The frequency that patients reported any of the ten symptoms included in the survey as severe or very severe were as follows: Fatigue (48%), sleep impairment (41%), joint pain (39%), and muscle aches (36%) were the most frequently reported followed by other pain (34%), depression (34%), cognitive impairment (32%), neuropathy (32%), headaches (23%) and heart-related issues (10%).
Beyond this, the IDSA’s view that CLD patients report the same symptoms as the general public is simply wrong. As the table below shows, only 20-30% of the general public report fatigue compared to 97% of those with CLD, with 48% reporting severe fatigue. The IDSA dismisses Lyme pain by saying that 4-14% of the general public complain of serious pain. But in CLD, between 32-39% of patients report severe or very severe pain.
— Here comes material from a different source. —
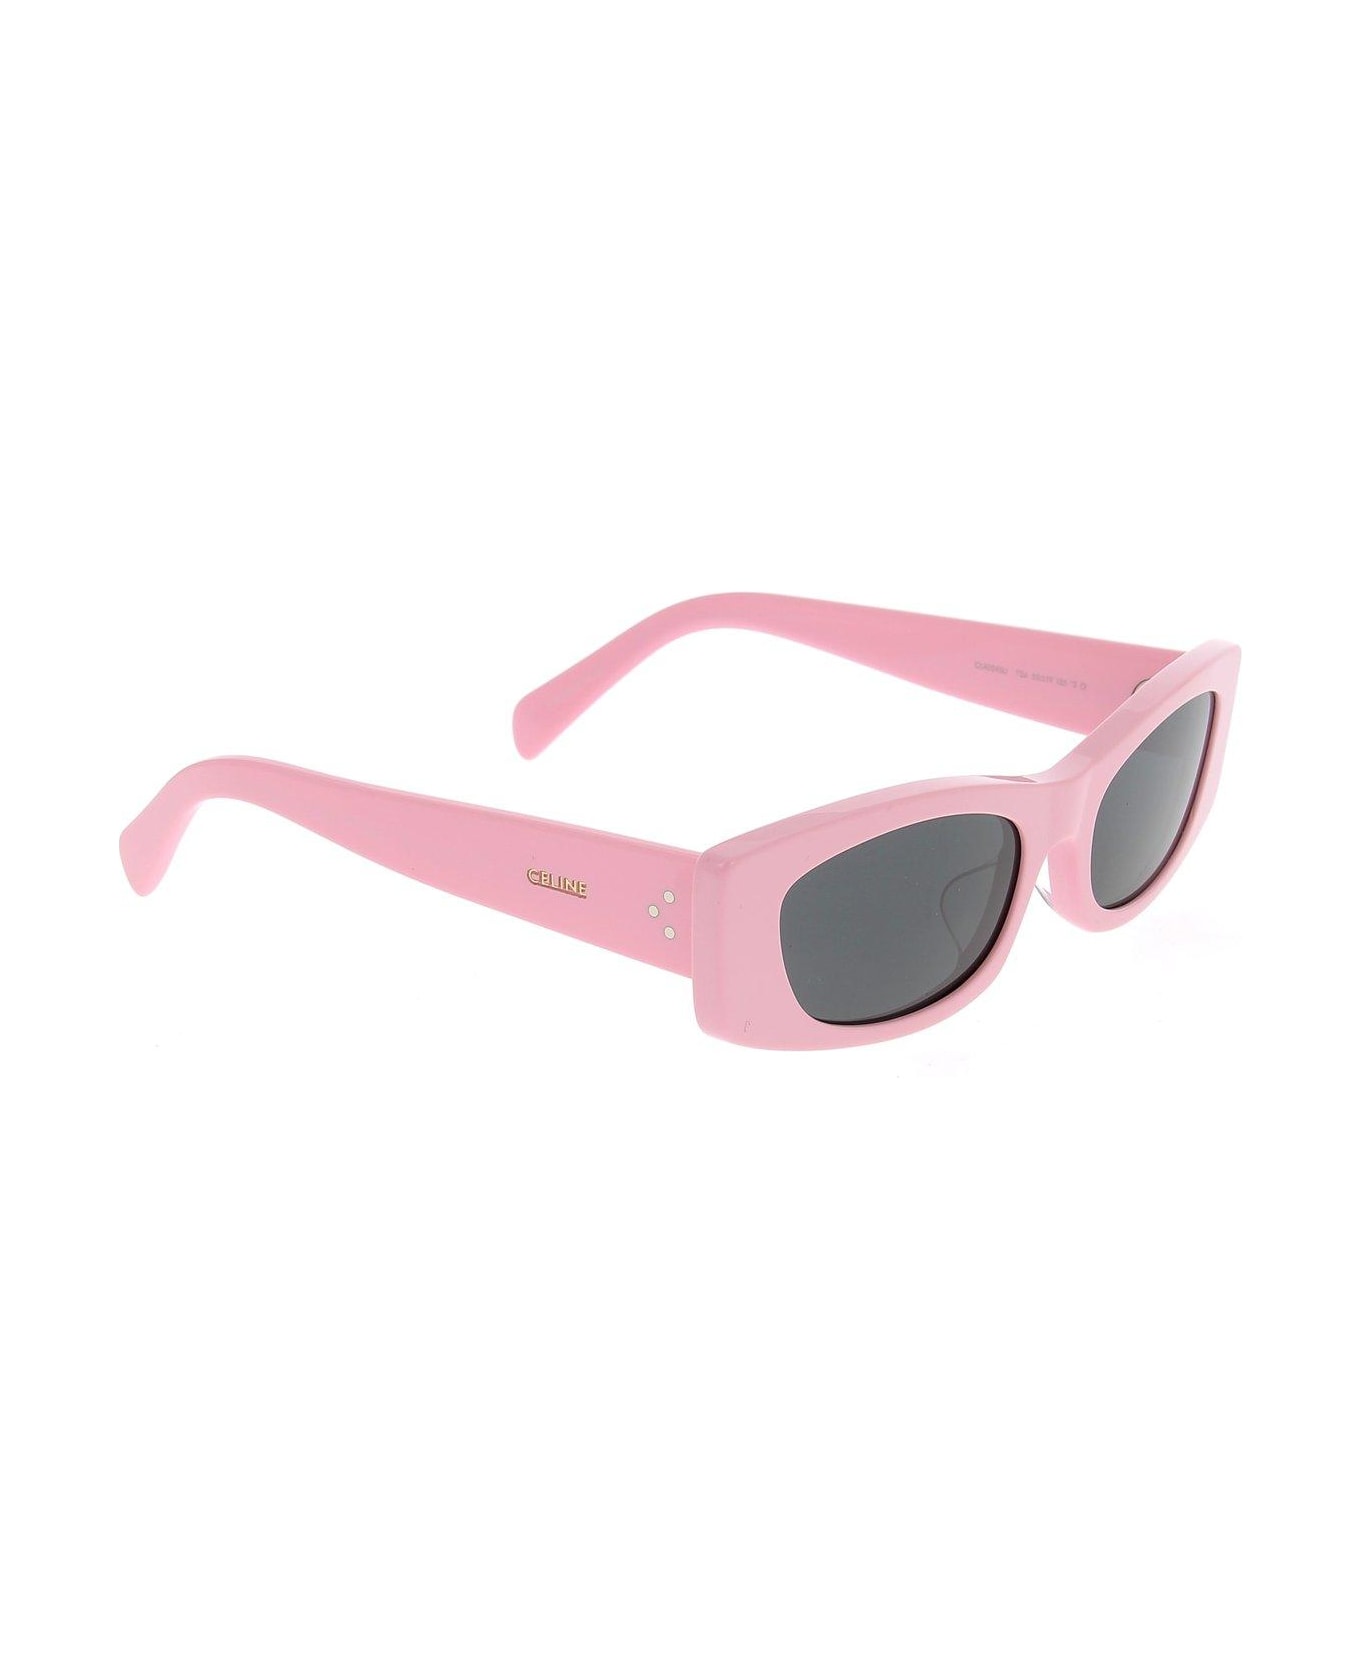 Celine rectangular Frame Sunglasses - 72a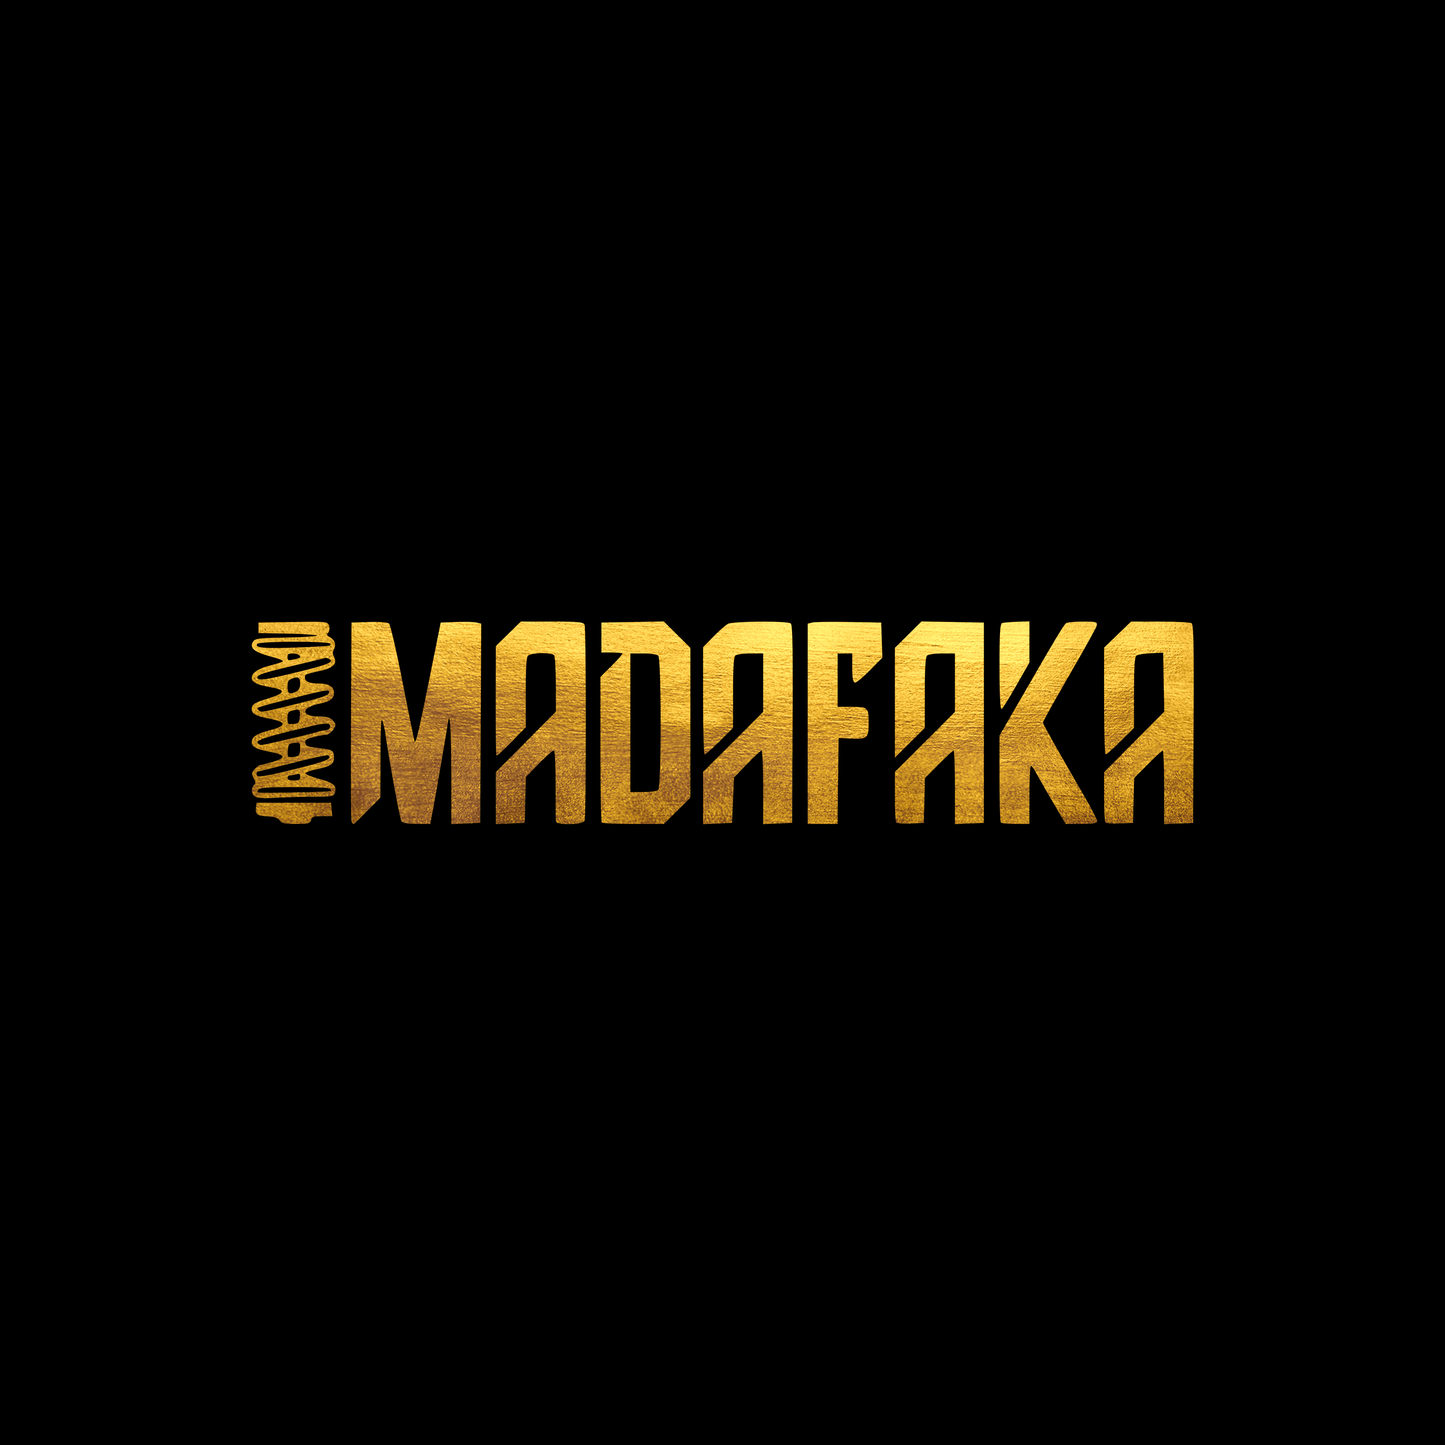 MADAFAKA sticker decal

Finally, the IDSA points out that everybody has a bad day now and then. A full 6% of the general population self-report unhealthy days during the preceding month. But Lyme patient report on average 20 bad days per month, while the general population reports 4 days. In fact, the number of days with activity limitation due to pain (17 days) reported by CLD patients significantly exceeded days with activity limitation due to pain caused by cancer (13 days), cardiovascular disease (9 days) and emotional problems (9 days).
In short, patients with CLD experience these symptoms more commonly and more severely. It’s time to recognize that the IDSA’s contention that CLD symptoms are just “aches and pains of daily living” is no more than the naked opinion of researchers with no supporting data. They cited no data — zilch, zip, nada — on CLD. This is a recurring theme with IDSA guidelines. They are long on opinion and short on data. Their own researchers say so. When it comes to opinions like these that damage patients, trivialize a serious disease, and make it harder for patients to receive care, we’d prefer that the IDSA kept its opinions to itself.
The study was a joint effort of LymeDisease.Org and Prof. Jennifer Mankoff at Carnegie Mellon University.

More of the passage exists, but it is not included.